The answer came in the third quarter. Collingwood trailed Carlton by multiple goals at half-time and had been outworked at the stoppage. Daicos responded with a run of play that turned the ball over, won clearances, and — in passages that the Channel 7 broadcast replayed repeatedly — delivered direct goals through his own right boot and through assists to teammates Jamie Elliott and Ash Johnson.

Statistically the shift was significant. Daicos dominated the third term for disposal, score involvement and inside-50 entries, resetting the game's contested numbers entirely. His Supercoach score for the quarter alone was among the highest single-quarter figures recorded across the 2026 season to that point.

Collingwood's comeback was not a one-man show. Captain Darcy Moore steadied the defence, ruckman Darcy Cameron climbed over Tom De Koning in the second half, and Elliott kicked three goals from clever forward leads. But the pivot point, every analyst agreed afterwards, sat with the 23-year-old Daicos.

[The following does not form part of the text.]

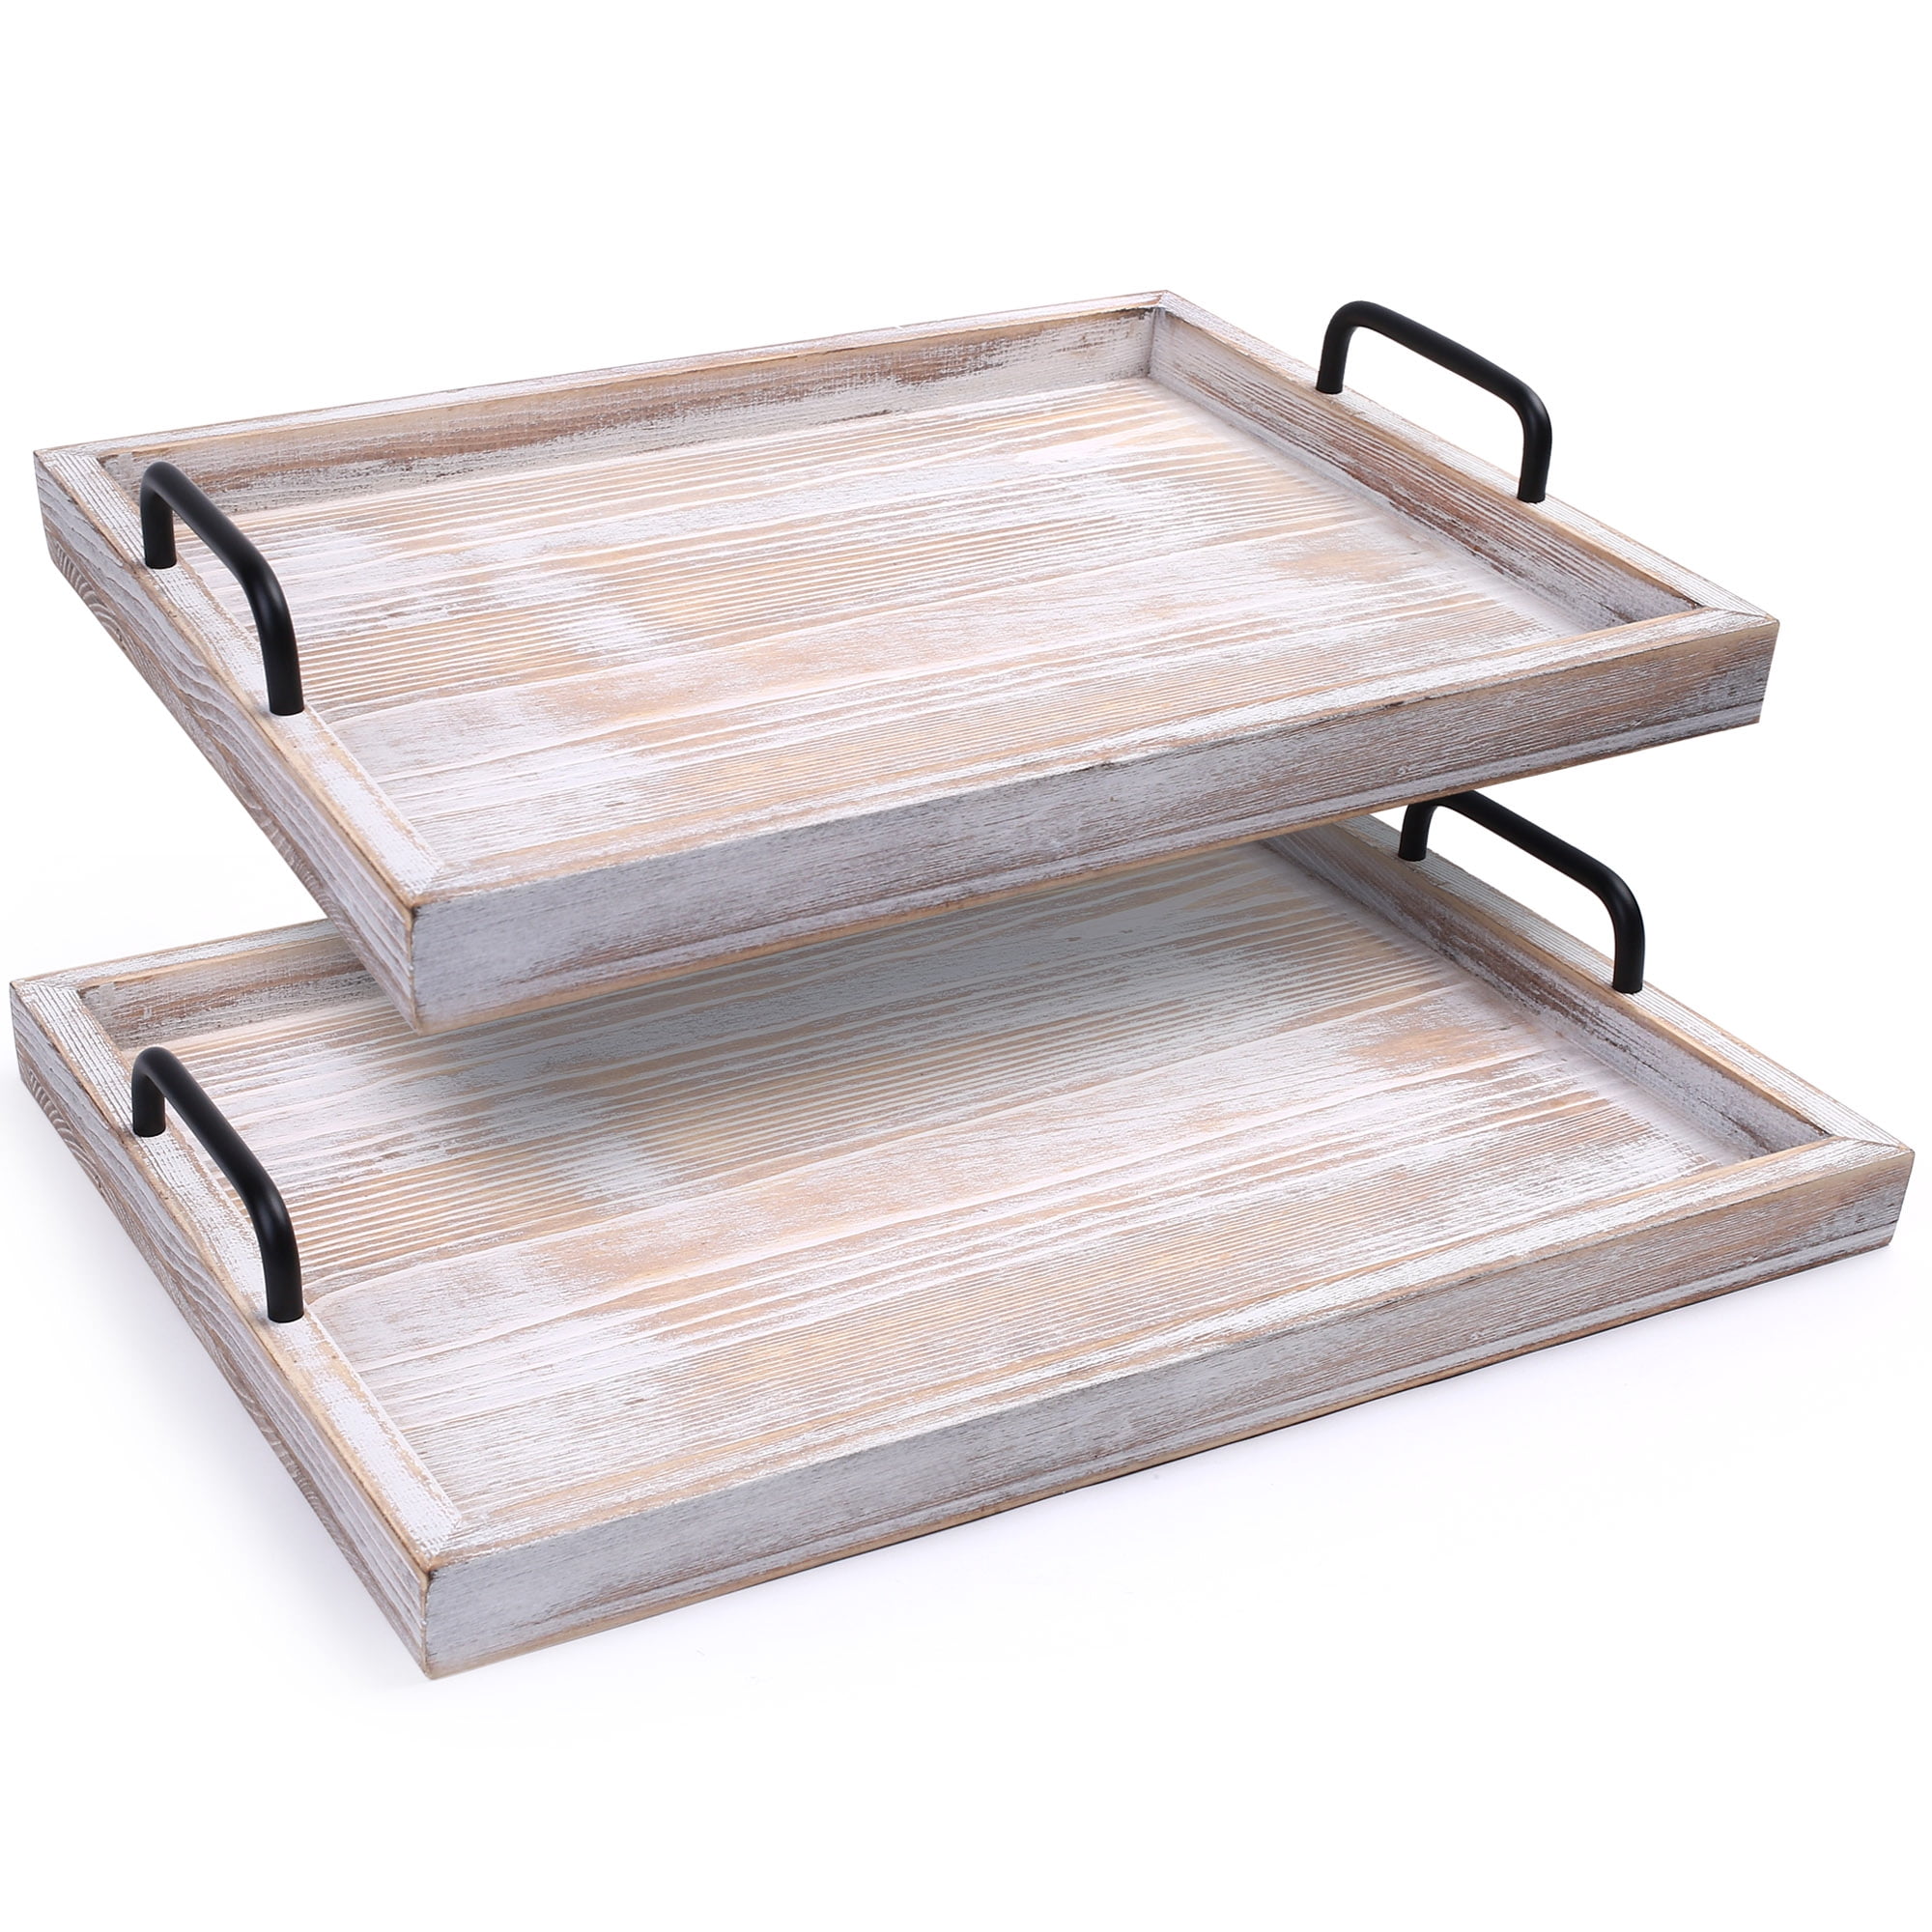 Better Homes & Gardens Rectangle Two-Tier Wood Serving Tray, 14.29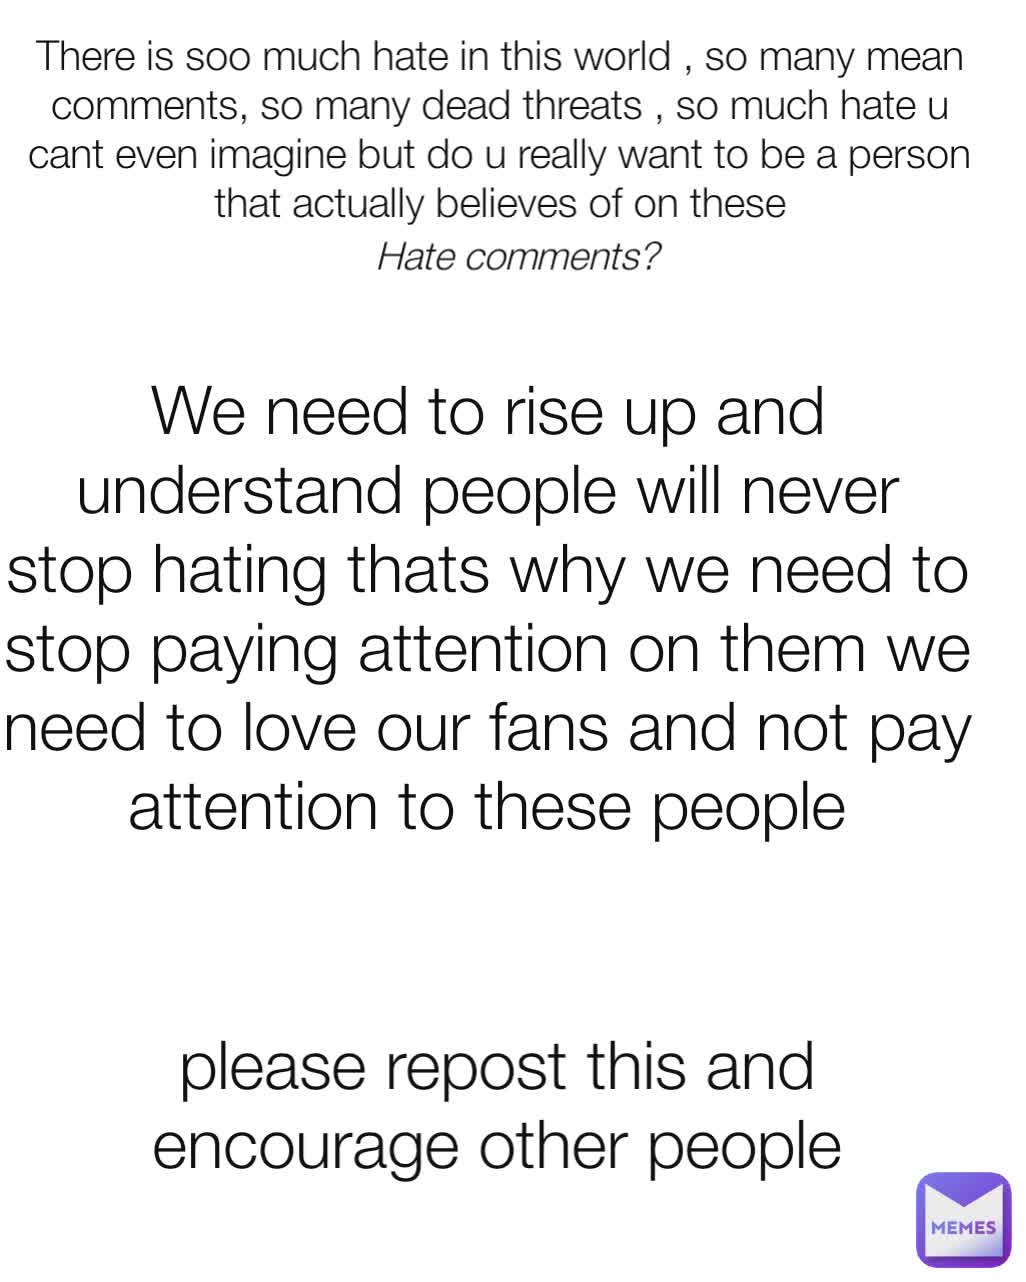 There is soo much hate in this world , so many mean comments, so many dead threats , so much hate u cant even imagine but do u really want to be a person that actually believes of on these Hate comments? please repost this and encourage other people We need to rise up and understand people will never stop hating thats why we need to stop paying attention on them we need to love our fans and not pay attention to these people

Carlton's loss extended a concerning pattern. The Blues have built comfortable leads and surrendered them in multiple matches across 2026, a recurring soft-half issue that has taken the shine off several promising performances under coach Michael Voss. Collingwood's match-day notes reportedly referenced Carlton's third-quarter capitulation record as an area to attack, and the Magpies exploited it ruthlessly.

There is additional weight on Carlton this week too, with the club simultaneously handling a disciplinary matter around Elijah Hollands and the ongoing fitness cloud around Harry McKay. Losing a winnable Friday-night assignment to a direct rival only intensifies the pressure on Voss and his coaching panel.

For Collingwood, the result feels like a template-setter. The Magpies' top-four ambitions depend on stringing together the kind of third-quarter pressure bursts that Daicos orchestrated, and doing it away from home against a well-drilled opponent. Coach Craig McRae, whose side has been selective with its midfield rotations in 2026, will be encouraged that the engine room still has the match-winning ceiling it showed in its premiership year.

Daicos himself was typically understated in post-match interviews. The most important takeaway, though, is not what he said but what he did: with 100 games now next to his name, his 101st — and the next stage of his career — begins with a reminder that he is still very much in the conversation for the game's highest individual honours.